====== RECORDED INFORMATION ======
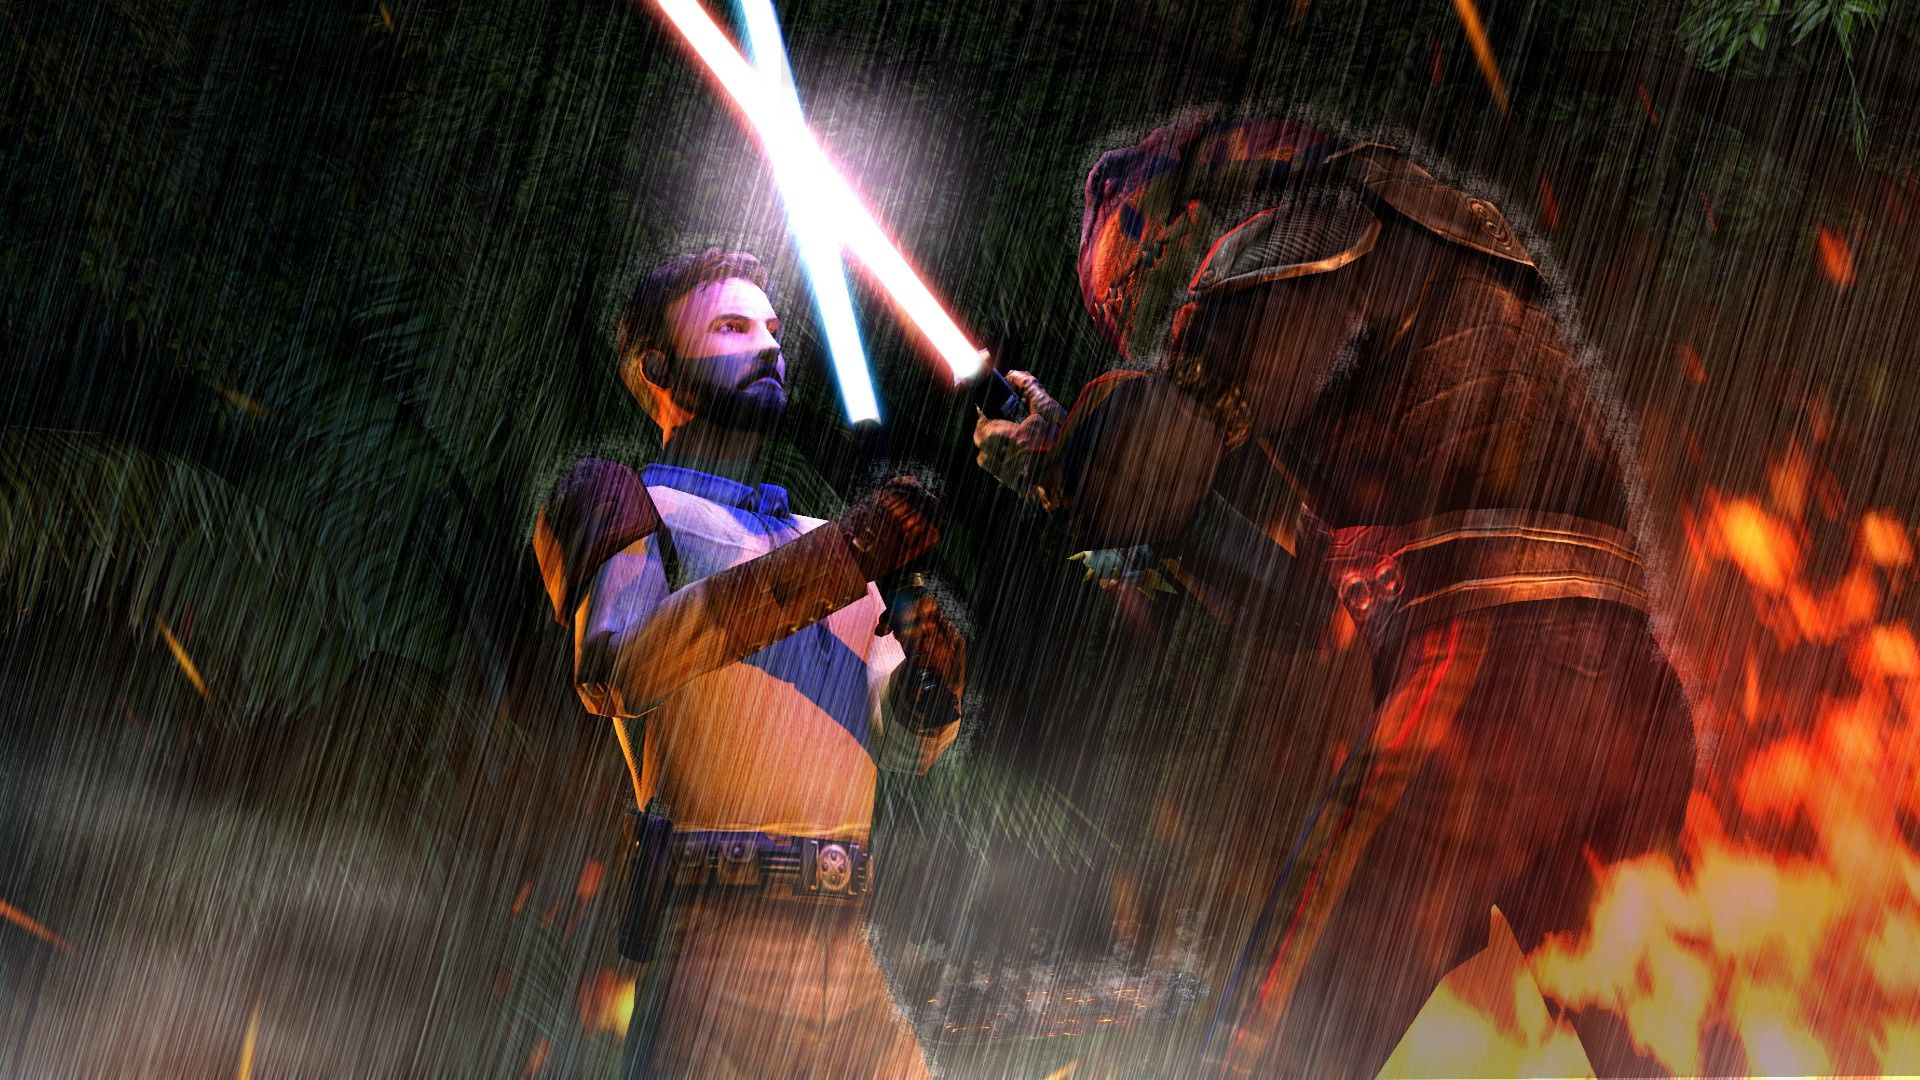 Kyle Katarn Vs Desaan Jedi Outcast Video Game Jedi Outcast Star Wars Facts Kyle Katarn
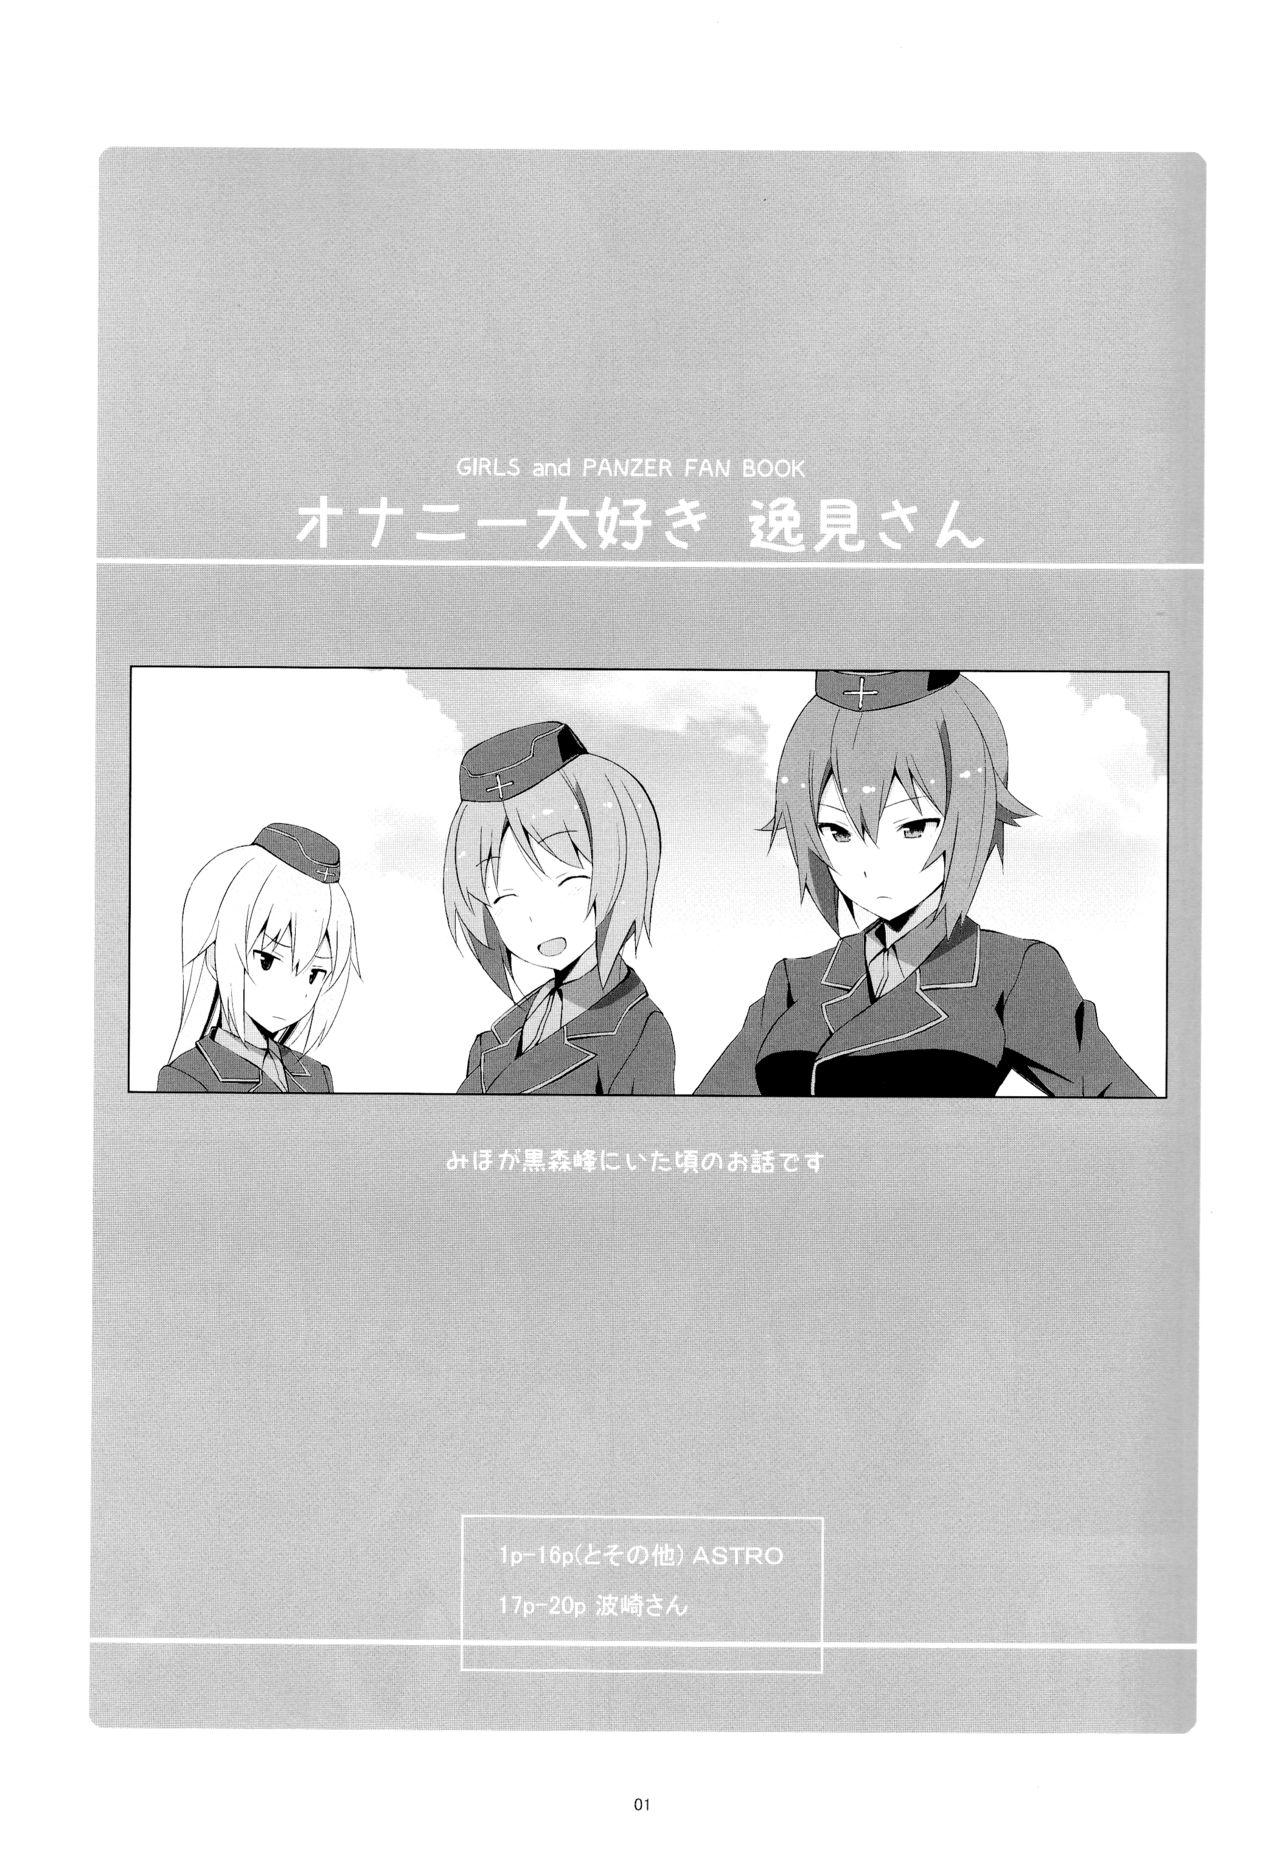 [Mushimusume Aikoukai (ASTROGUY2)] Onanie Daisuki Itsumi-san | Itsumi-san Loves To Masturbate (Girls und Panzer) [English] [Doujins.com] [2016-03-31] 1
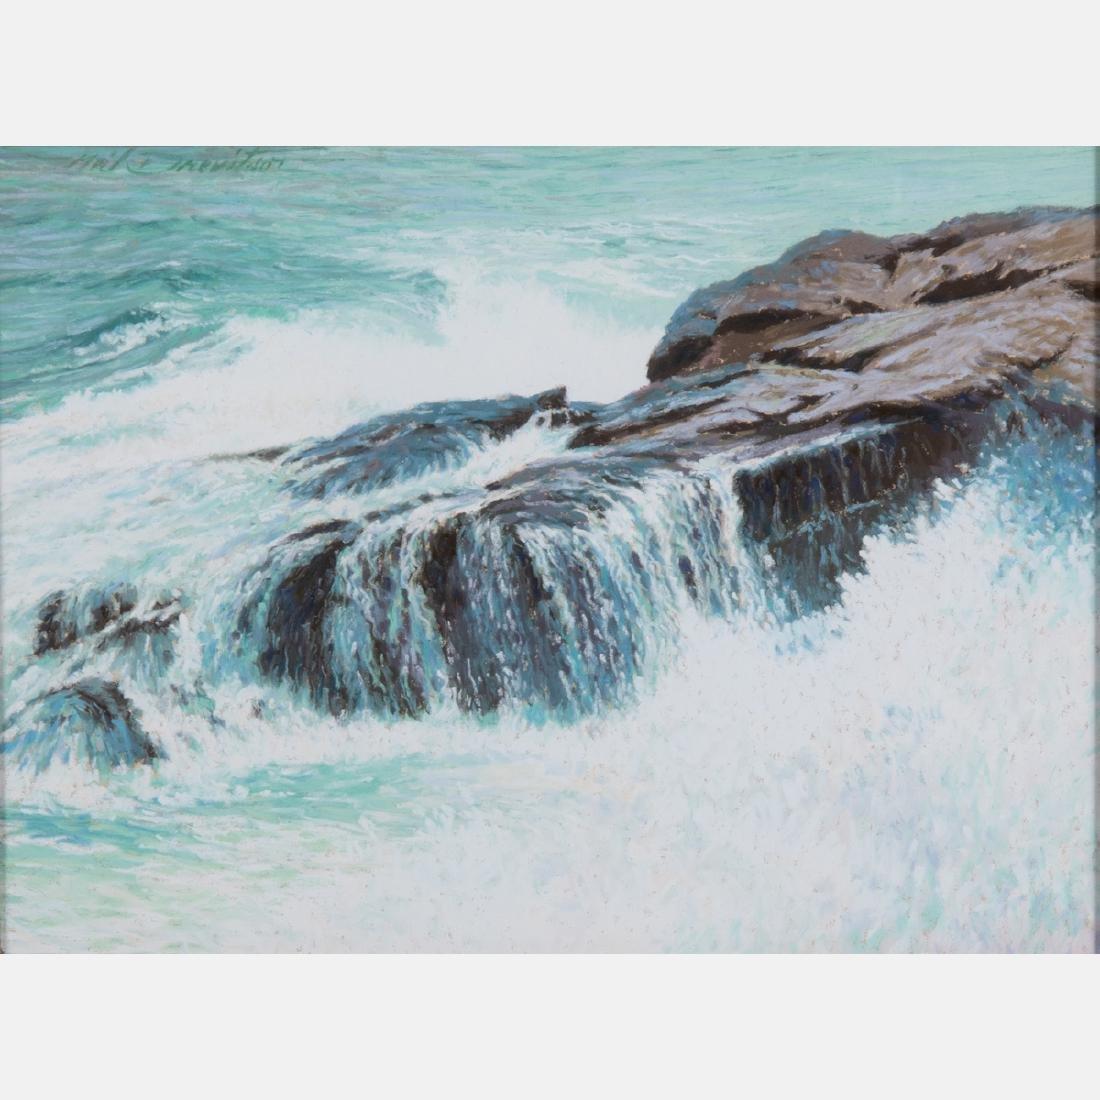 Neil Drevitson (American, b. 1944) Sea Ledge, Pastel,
======
▶ [WHAT YOU ARE ASKED TO DO] Output the data exactly, pictures omitted.

▶ [REPLY TO THE EXERCISE]
 Kyle Katarn Vs Desaan Jedi Outcast Video Game Jedi Outcast Star Wars Facts Kyle Katarn
 [Mushimusume Aikoukai (ASTROGUY2)] Onanie Daisuki Itsumi-san | Itsumi-san Loves To Masturbate (Girls und Panzer) [English] [Doujins.com] [2016-03-31] 1
 Neil Drevitson (American, b. 1944) Sea Ledge, Pastel,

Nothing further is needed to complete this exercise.